İdare Mahkemesi'nin İçişleri Bakanlığı'nı Hrant Dink'in yaşama hakkının korunmasında ağır hizmet kusuru işlediği yönündeki kararına karşı çıkılan temyiz dilekçesinde Dink'i korumaya yönelik olduğu iddia edilen şu 'tedbirlere' yer verildi:
* Ülkü Ocaklarının Agos önünde yaptığı basın açıklaması sonrasında İstanbul Emniyet Müdürlüğü, Emniyet Genel Müdürlüğü'ne 26 Şubat 2004'de bilgi verdi.

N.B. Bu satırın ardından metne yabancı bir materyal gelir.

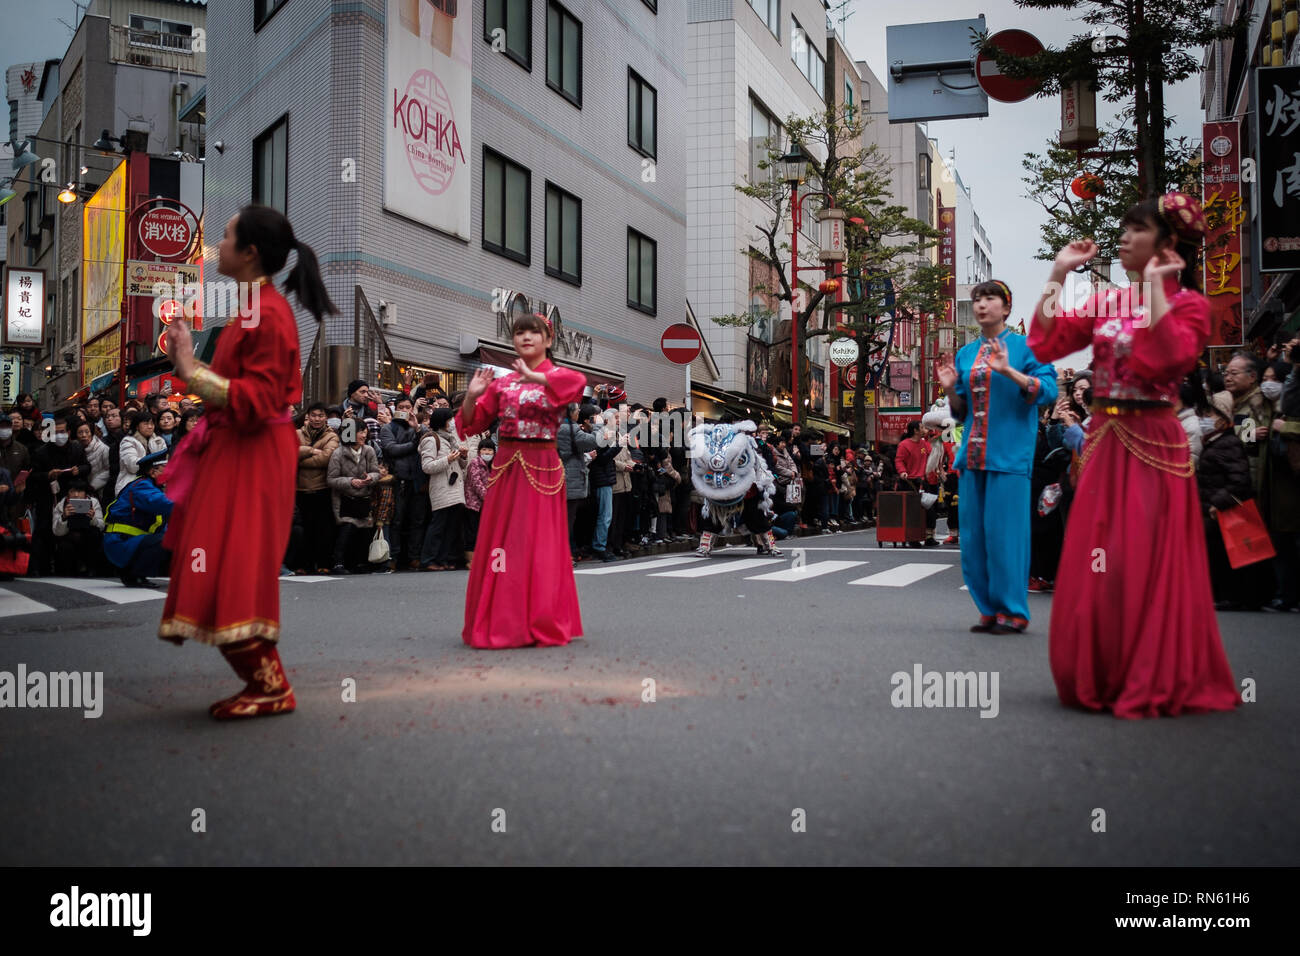 People parade in the street of Yokohama's Chinatown on February 16, 2019. Extravagant parade to celebrate the New Year with costumes of the Emperor, ethnic clothing, lion dance, and dragon dance. February 16, 2019 Credit: Nicolas Datiche/AFLO/Alamy Live News Stock Photo
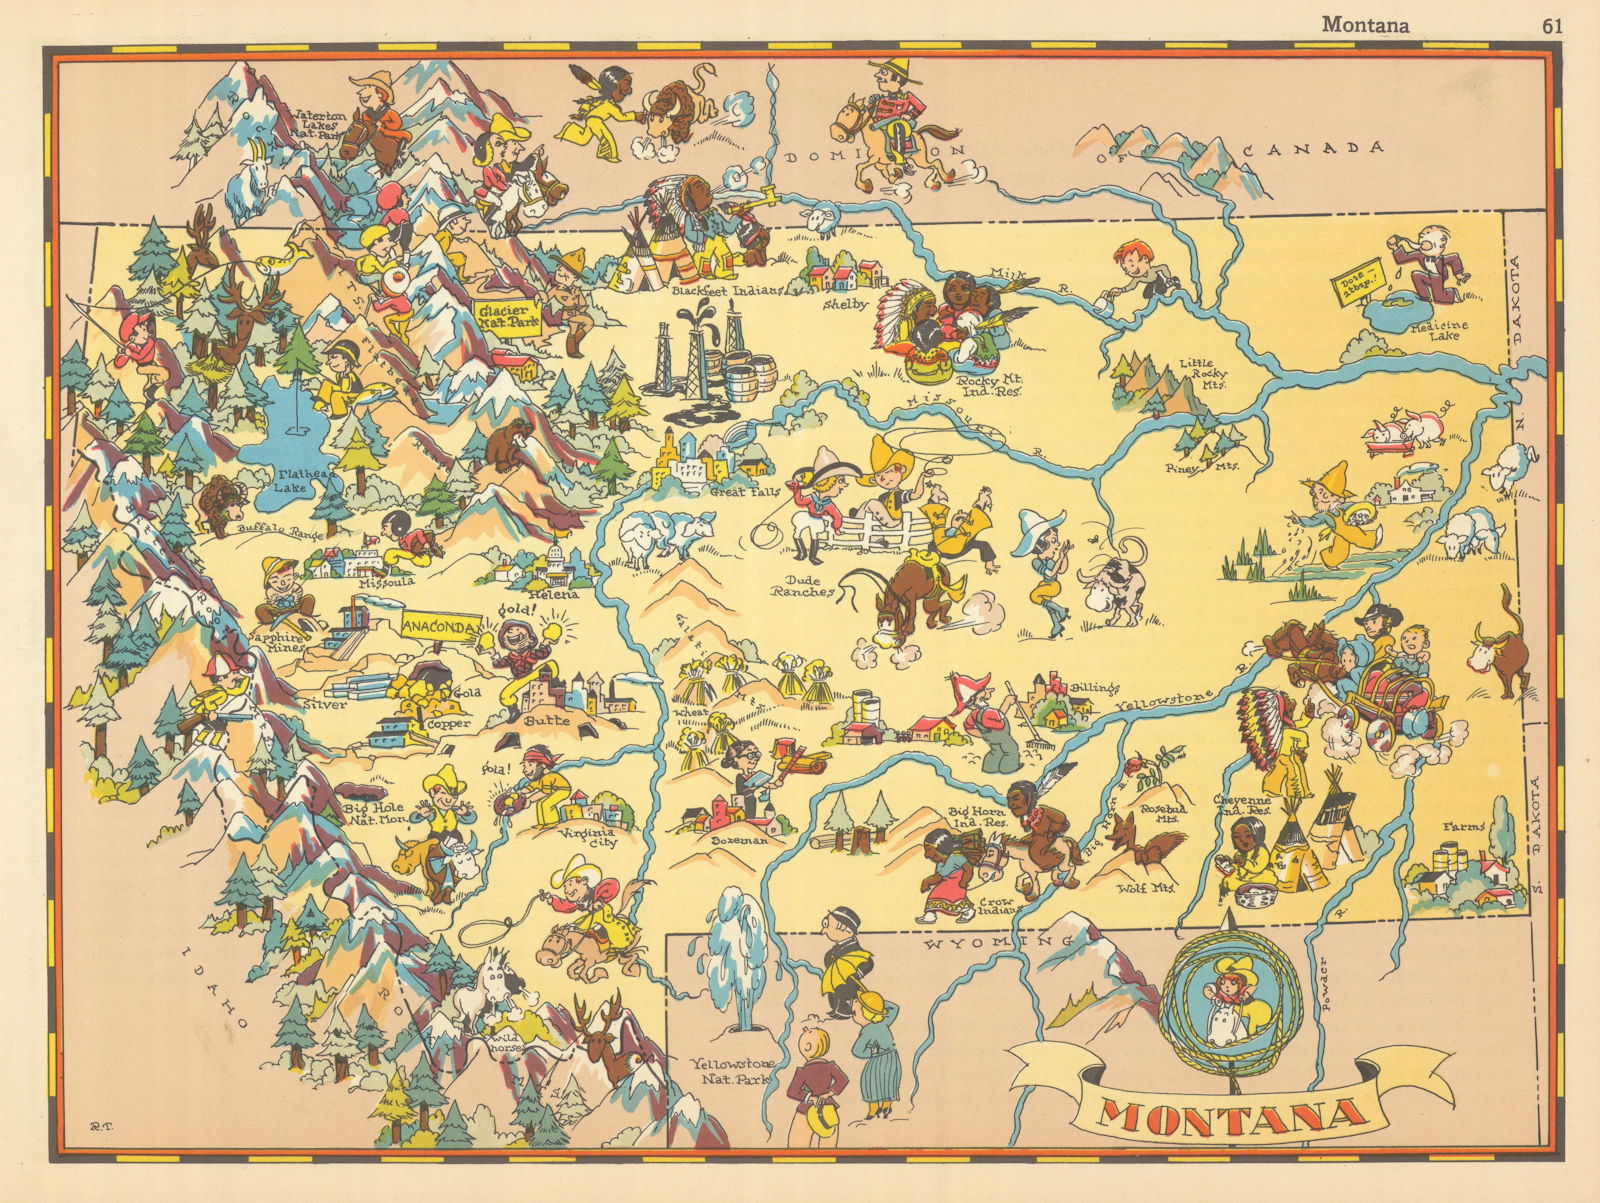 Associate Product Montana. Pictorial state map by Ruth Taylor White 1935 old vintage chart

POLİS, DİNK'İN HAYATININ TEHLİKEDE OLDUĞU 3 YIL ÖNCE BİLDİRMİŞ

* Hrant Dink'in ikamet ve işyeri adreslerine yönelik İstanbul Emniyet Müdürlüğü Güvenlik Şube Müdürlüğü'nce 2 Mart 2004 tarihli yazıda "Agos gazetesi bürosu ve Hrant Dink'ie yönelik herhangi bir müessif olayın meydana gelmemesi için yukarıda adresi yazılı gazete bürosu ve Hrant Dink'in ikamet ettiği yerin çevresinde gerekli güvenlik tedbirlerinin alınması" denilerek Bakırköy-Şişli ilçe emniyet müdürlükleri ile TEM Şube Müdürlüğü'nden gerekli emniyet tedbirlerinin aldırılması istendi. Akabinde Şişli Emniyet Müdürlüğü'nün 4 Mart 2004 tarihli yazısı ile Agos gazetesinin bulunduğu adres civarında zaman zaman uygulama yapılmak suretiyle gerekli emniyet tedbirleri alındı.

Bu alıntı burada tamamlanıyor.